» Exercise details
Give back each line of the data exactly as it reads, minus the pictures.

» Data section

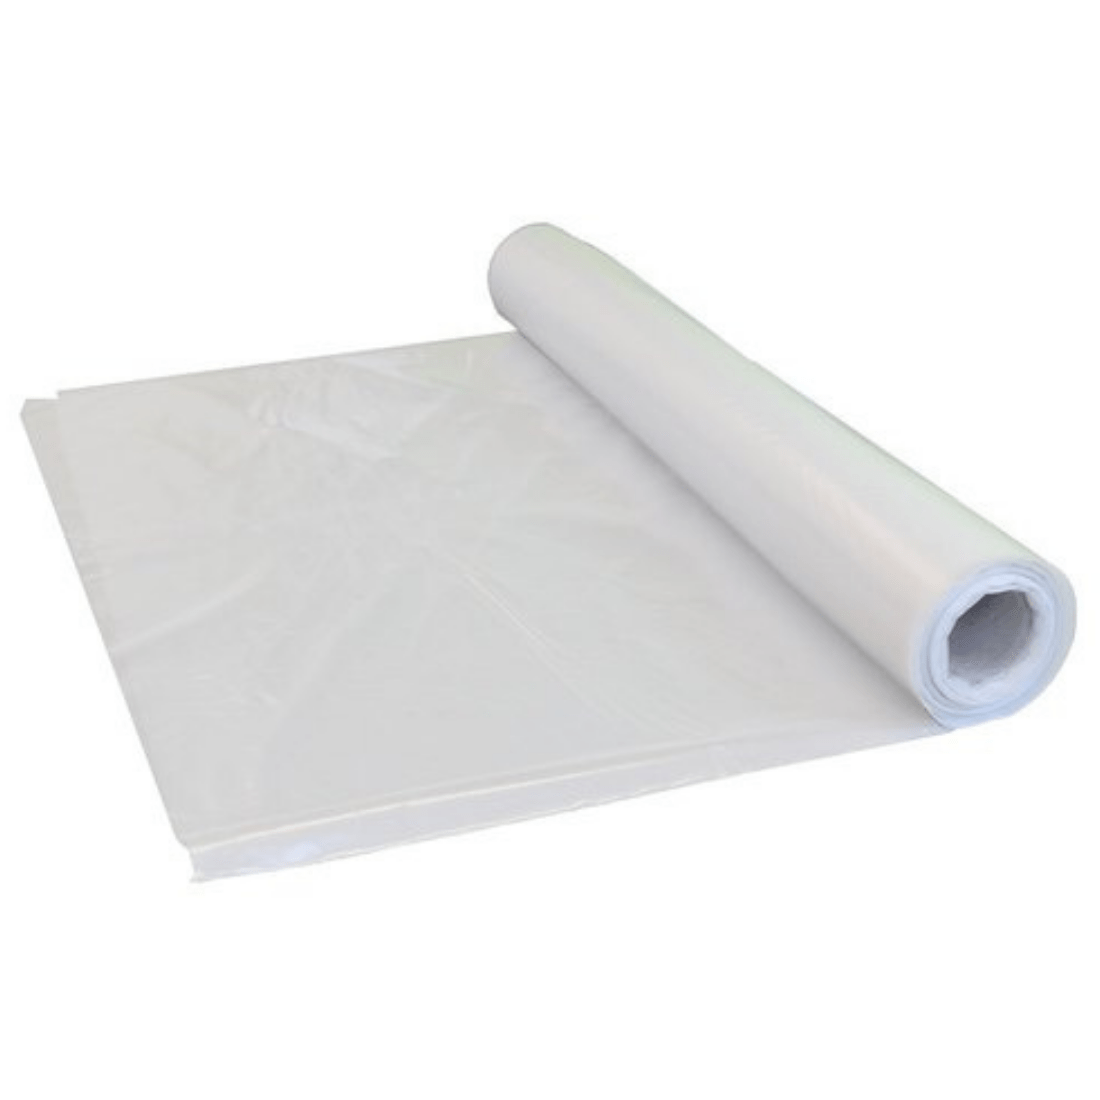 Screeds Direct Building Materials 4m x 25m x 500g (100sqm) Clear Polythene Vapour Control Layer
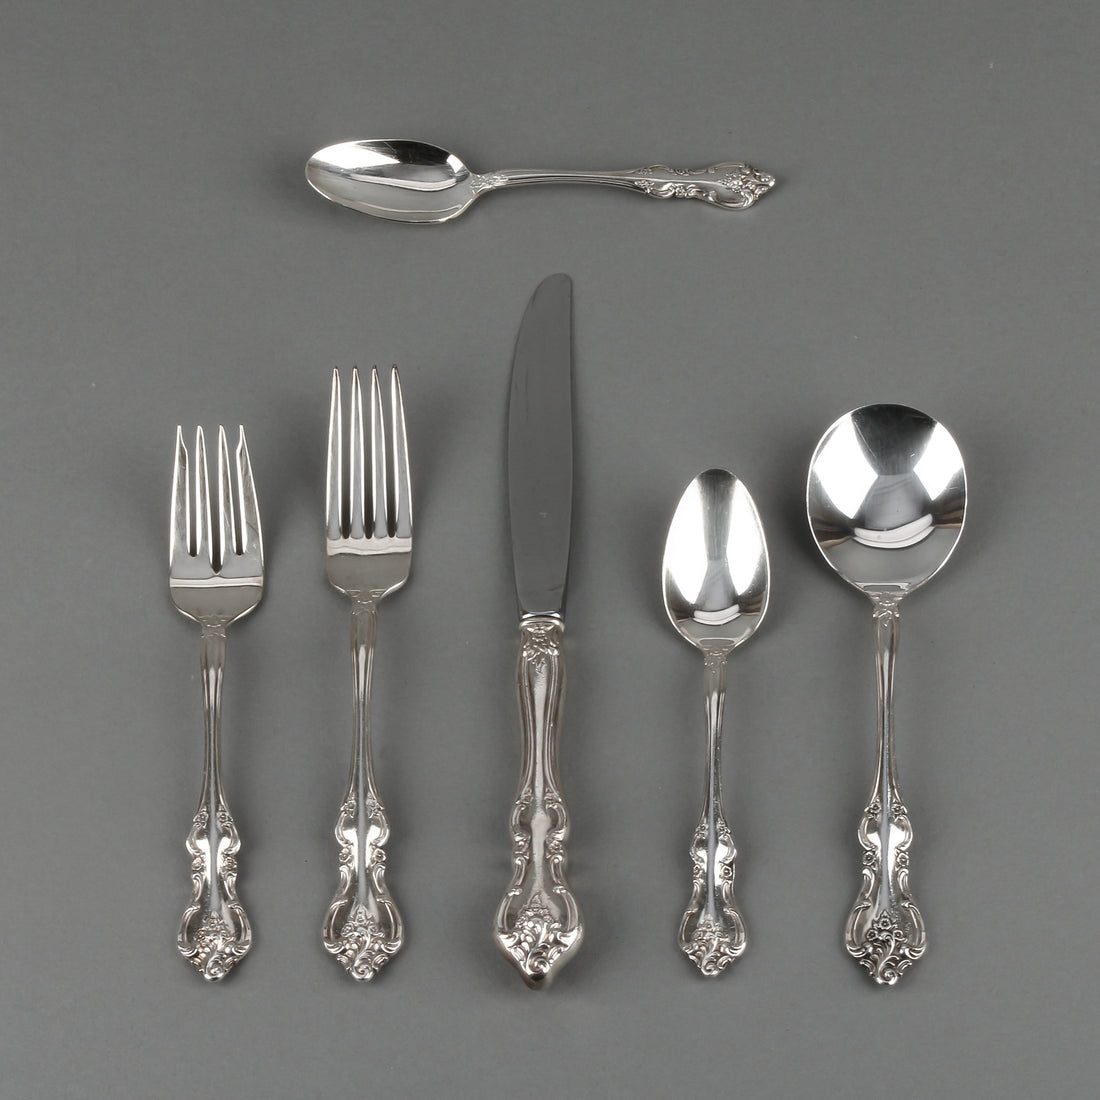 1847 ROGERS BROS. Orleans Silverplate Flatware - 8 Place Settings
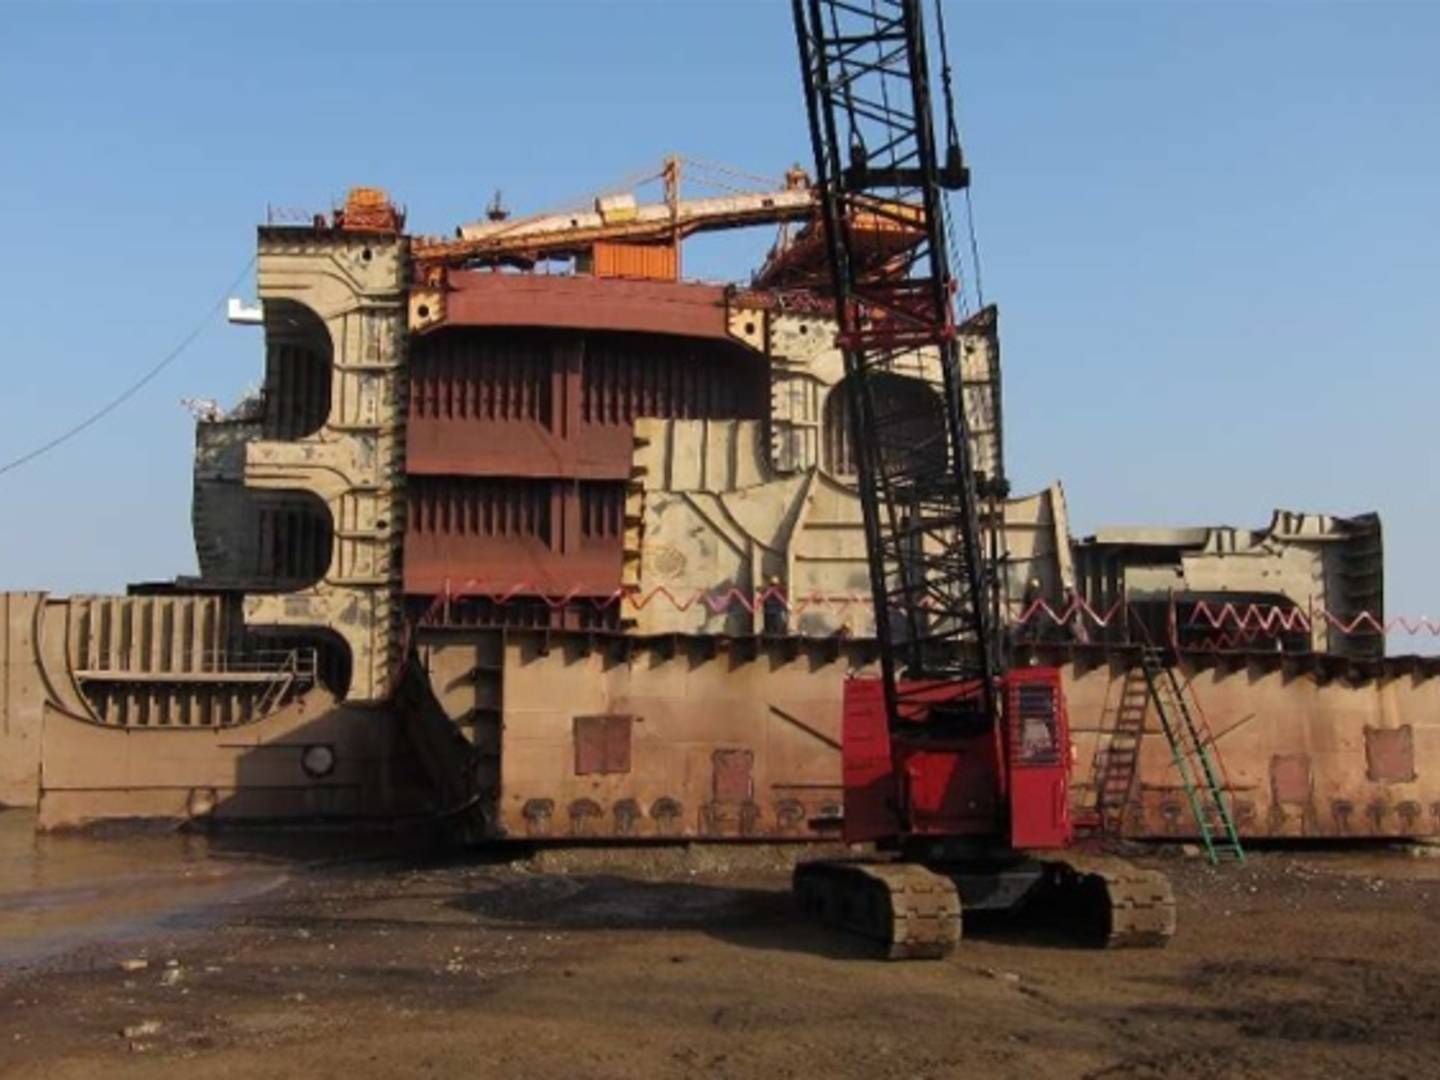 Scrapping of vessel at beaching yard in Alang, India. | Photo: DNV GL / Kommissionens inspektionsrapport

» Task solution
 Screeds Direct Building Materials 4m x 25m x 500g (100sqm) Clear Polythene Vapour Control Layer
 1847 ROGERS BROS. Orleans Silverplate Flatware - 8 Place Settings
 Scrapping of vessel at beaching yard in Alang, India. | Photo: DNV GL / Kommissionens inspektionsrapport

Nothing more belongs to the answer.